The secondary GFCI circuit does not shut off with any of the AC breakers because when you kill the AC in to the inverter (with the inverter breaker) the internal transfer switch in the PD 1620 switches to battery power to feed that circuit.

If you connect the AC out from the inverter to any breaker in the main panel you will back feed the whole panel including the converter which will try and charge the battery from the battery and the inverter itself running in a loop (if it doesn't fault, or open a time travel portal, not sure which will occur)
Thank you. How much time do you think a competent RV electrical tech who is unfamiliar with the Alliance method of electrical usage restriction would need to successfully complete this task?
 

Chaseweston

Well-known member
Thank you. How much time do you think a competent RV electrical tech who is unfamiliar with the Alliance method of electrical usage restriction would need to successfully complete this task?
I can't see this taking over two hours max. Depending on how easily accessed your panel and inverter are and how close they are to each other, it could take as little as 45 min. Pulling the Romex between panel location and inverter location has the most unknown. It could mean running 5 feet of wire across your basement "behind the scenes" or if your inverter is in front storage, you've got a little further to go. do you know if there is a 4 square box right by your inverter already, where is that located on the RV?
 

Gateswood

Active member
I can't see this taking over two hours max. Depending on how easily accessed your panel and inverter are and how close they are to each other, it could take as little as 45 min. Pulling the Romex between panel location and inverter location has the most unknown. It could mean running 5 feet of wire across your basement "behind the scenes" or if your inverter is in front storage, you've got a little further to go. do you know if there is a 4 square box right by your inverter already, where is that located on the RV?

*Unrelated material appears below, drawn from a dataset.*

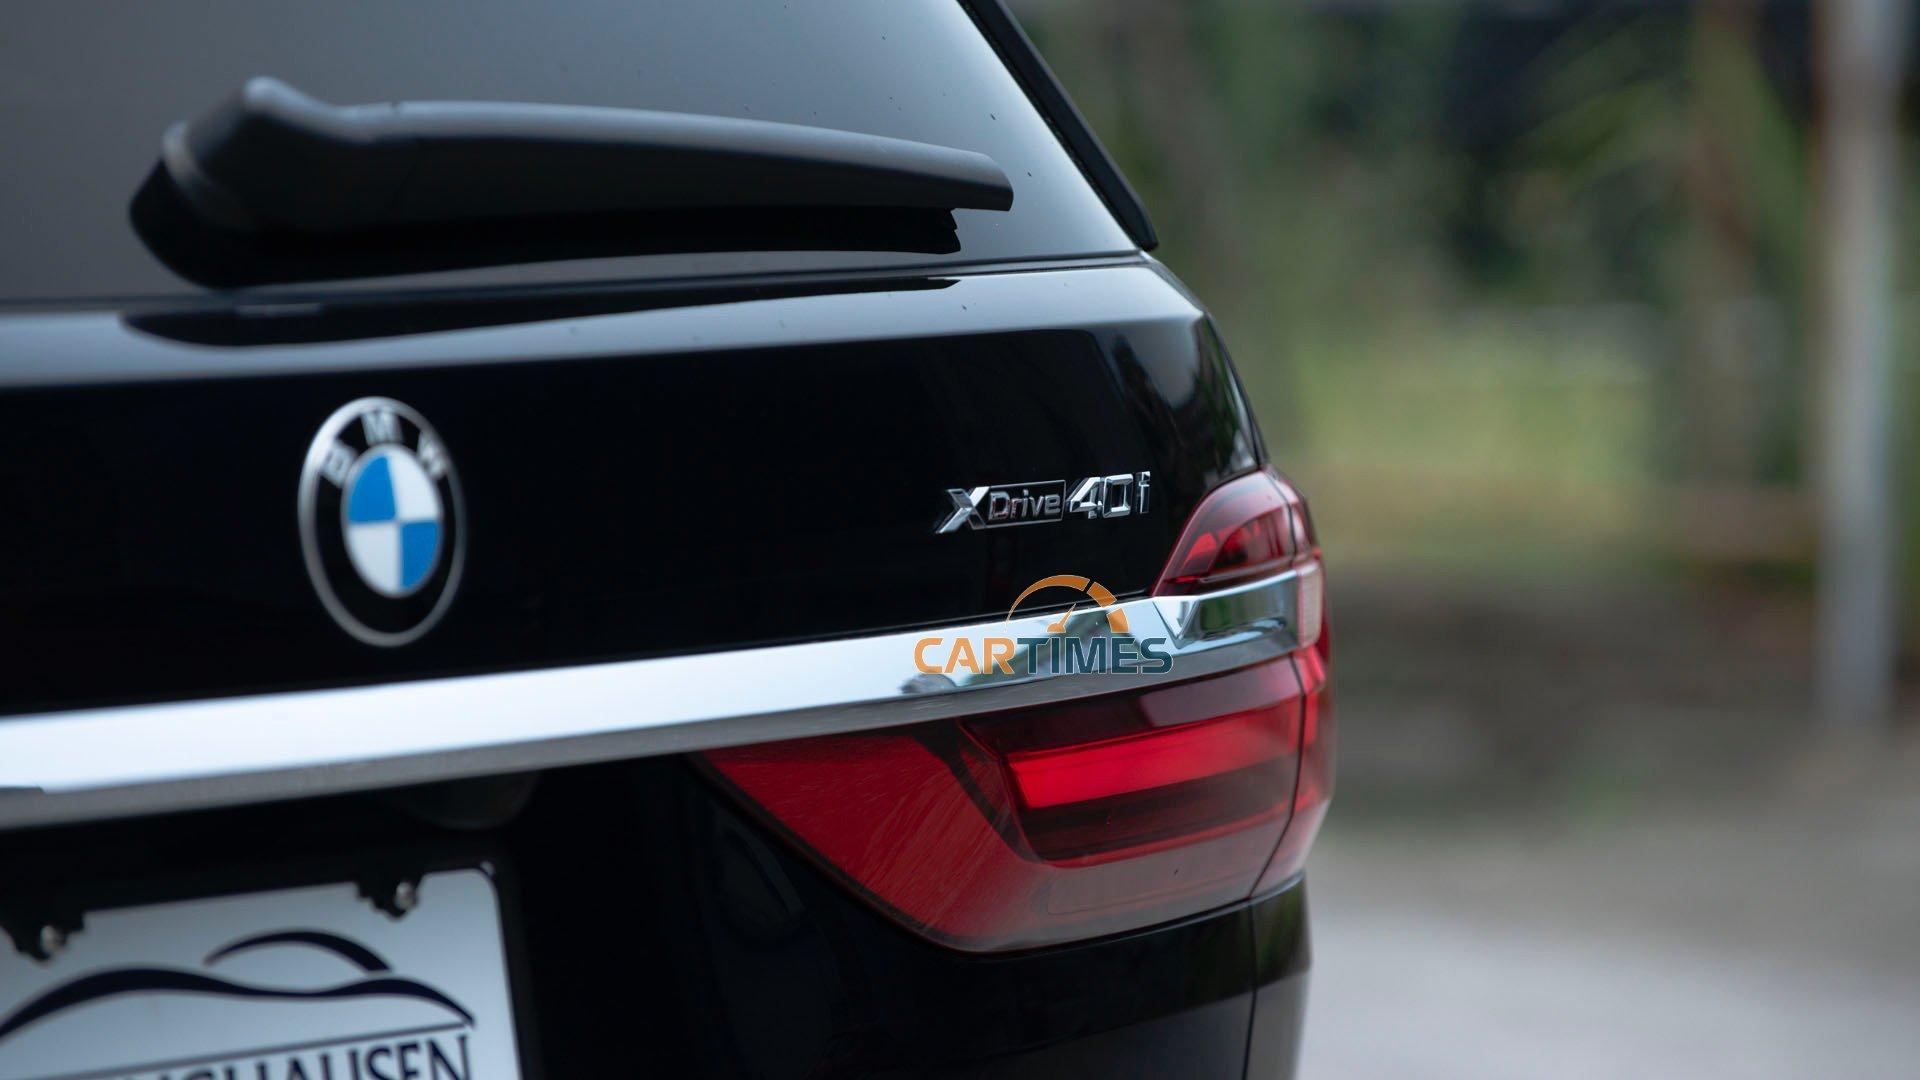 Giá hơn 7 tỷ đồng, BMW X7 thứ 2 về Việt Nam có những trang bị gì? Ảnh 11

The inverter and solar controller are in the front compartment where the batteries live. It has to be almost 20' between there and the panel/converter in far end of the kitchen. The inverter AC in and out wires in the large gray conduits and the +12V wires all disappear into the bottom part of passthrough wall near the driver side frame just inside the tank box. I can't find where they go from there so they just about have to be routed between that basement flooring and the underbelly liner. I haven't pulled the converter/panel yet. I suspect somewhere behind that may be where they resurface.

The only 4 square box I've found is in the closed off utility section of the passthrough. Wires in and wires out. This looks like wires coming back up to the front to feed the bedroom/bathroom, the passthrough GFIC outlets and maybe the controllers for the slides and jacks. No evidence of either of the AC power or the 12V cables from the inverter in this area.

Another unexpected find. The two passthrough outlets marked as GFCI are not connected to either of the other two GFCI circuits or the GFI breaker. I can't find another master GFI outlet that may control them. They're also not connected to the three outlet non-GFCI bedroom circuit just above that plays nice with the inverter and are hot on battery power.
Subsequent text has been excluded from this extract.